**What you have to do:** Each line below from the one containing "Hoosiers Of Indiana" through the one containing "Staples store avec" should be output exactly as it stands, and no other line should appear.

Data extracted from a collection
__________________________________________________
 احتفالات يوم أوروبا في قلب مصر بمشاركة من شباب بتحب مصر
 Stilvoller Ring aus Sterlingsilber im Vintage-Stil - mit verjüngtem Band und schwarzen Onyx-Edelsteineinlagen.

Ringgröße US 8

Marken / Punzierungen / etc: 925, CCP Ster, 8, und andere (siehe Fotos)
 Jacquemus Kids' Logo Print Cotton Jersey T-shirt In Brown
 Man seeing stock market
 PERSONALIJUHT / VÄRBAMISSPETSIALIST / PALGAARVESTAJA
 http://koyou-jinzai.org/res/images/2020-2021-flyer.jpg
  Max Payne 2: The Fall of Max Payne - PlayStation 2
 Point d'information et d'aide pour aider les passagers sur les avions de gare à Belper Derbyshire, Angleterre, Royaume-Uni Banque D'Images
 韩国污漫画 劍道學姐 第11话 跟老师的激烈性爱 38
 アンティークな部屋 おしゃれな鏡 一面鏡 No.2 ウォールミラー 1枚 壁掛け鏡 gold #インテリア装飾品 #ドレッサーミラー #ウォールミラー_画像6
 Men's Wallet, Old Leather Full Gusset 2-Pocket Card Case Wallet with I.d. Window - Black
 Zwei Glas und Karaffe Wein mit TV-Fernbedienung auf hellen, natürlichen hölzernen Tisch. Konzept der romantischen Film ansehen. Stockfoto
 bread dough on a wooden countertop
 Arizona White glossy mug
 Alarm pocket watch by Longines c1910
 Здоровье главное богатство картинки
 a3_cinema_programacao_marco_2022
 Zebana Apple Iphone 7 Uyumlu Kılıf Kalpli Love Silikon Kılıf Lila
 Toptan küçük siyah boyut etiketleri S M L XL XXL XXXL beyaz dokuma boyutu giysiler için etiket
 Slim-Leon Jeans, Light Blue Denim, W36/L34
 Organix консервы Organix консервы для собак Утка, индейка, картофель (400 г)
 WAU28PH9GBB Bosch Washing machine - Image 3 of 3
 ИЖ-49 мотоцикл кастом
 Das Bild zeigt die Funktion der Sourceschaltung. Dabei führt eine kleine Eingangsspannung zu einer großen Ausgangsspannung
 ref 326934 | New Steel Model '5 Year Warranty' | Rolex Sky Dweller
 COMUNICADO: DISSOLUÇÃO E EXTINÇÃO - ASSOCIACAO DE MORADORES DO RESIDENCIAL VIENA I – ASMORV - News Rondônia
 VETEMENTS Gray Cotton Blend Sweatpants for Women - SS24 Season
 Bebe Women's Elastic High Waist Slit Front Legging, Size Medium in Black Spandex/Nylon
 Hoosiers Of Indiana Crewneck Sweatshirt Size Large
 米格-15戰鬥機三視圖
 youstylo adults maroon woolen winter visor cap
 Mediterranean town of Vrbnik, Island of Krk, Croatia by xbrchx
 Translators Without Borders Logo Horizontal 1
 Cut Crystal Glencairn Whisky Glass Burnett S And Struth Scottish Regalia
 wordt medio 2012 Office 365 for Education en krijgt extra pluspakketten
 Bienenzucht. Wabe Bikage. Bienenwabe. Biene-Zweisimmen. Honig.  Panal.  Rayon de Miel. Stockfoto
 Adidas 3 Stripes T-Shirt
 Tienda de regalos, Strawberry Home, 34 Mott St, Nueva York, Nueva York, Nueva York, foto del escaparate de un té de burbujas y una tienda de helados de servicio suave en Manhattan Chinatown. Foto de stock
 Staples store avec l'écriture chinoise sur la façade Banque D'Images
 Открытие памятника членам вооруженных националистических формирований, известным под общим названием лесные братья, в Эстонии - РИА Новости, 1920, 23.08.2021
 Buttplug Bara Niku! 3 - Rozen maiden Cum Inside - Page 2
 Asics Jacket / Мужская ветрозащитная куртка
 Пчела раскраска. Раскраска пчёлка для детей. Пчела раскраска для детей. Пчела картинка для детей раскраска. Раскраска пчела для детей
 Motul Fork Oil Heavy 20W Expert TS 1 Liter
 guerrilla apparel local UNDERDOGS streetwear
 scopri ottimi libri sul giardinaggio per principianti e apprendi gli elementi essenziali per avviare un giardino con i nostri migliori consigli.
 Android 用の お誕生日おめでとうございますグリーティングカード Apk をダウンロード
__________________________________________________
**Result for this task:**
 Hoosiers Of Indiana Crewneck Sweatshirt Size Large
 米格-15戰鬥機三視圖
 youstylo adults maroon woolen winter visor cap
 Mediterranean town of Vrbnik, Island of Krk, Croatia by xbrchx
 Translators Without Borders Logo Horizontal 1
 Cut Crystal Glencairn Whisky Glass Burnett S And Struth Scottish Regalia
 wordt medio 2012 Office 365 for Education en krijgt extra pluspakketten
 Bienenzucht. Wabe Bikage. Bienenwabe. Biene-Zweisimmen. Honig.  Panal.  Rayon de Miel. Stockfoto
 Adidas 3 Stripes T-Shirt
 Tienda de regalos, Strawberry Home, 34 Mott St, Nueva York, Nueva York, Nueva York, foto del escaparate de un té de burbujas y una tienda de helados de servicio suave en Manhattan Chinatown. Foto de stock
 Staples store avec l'écriture chinoise sur la façade Banque D'Images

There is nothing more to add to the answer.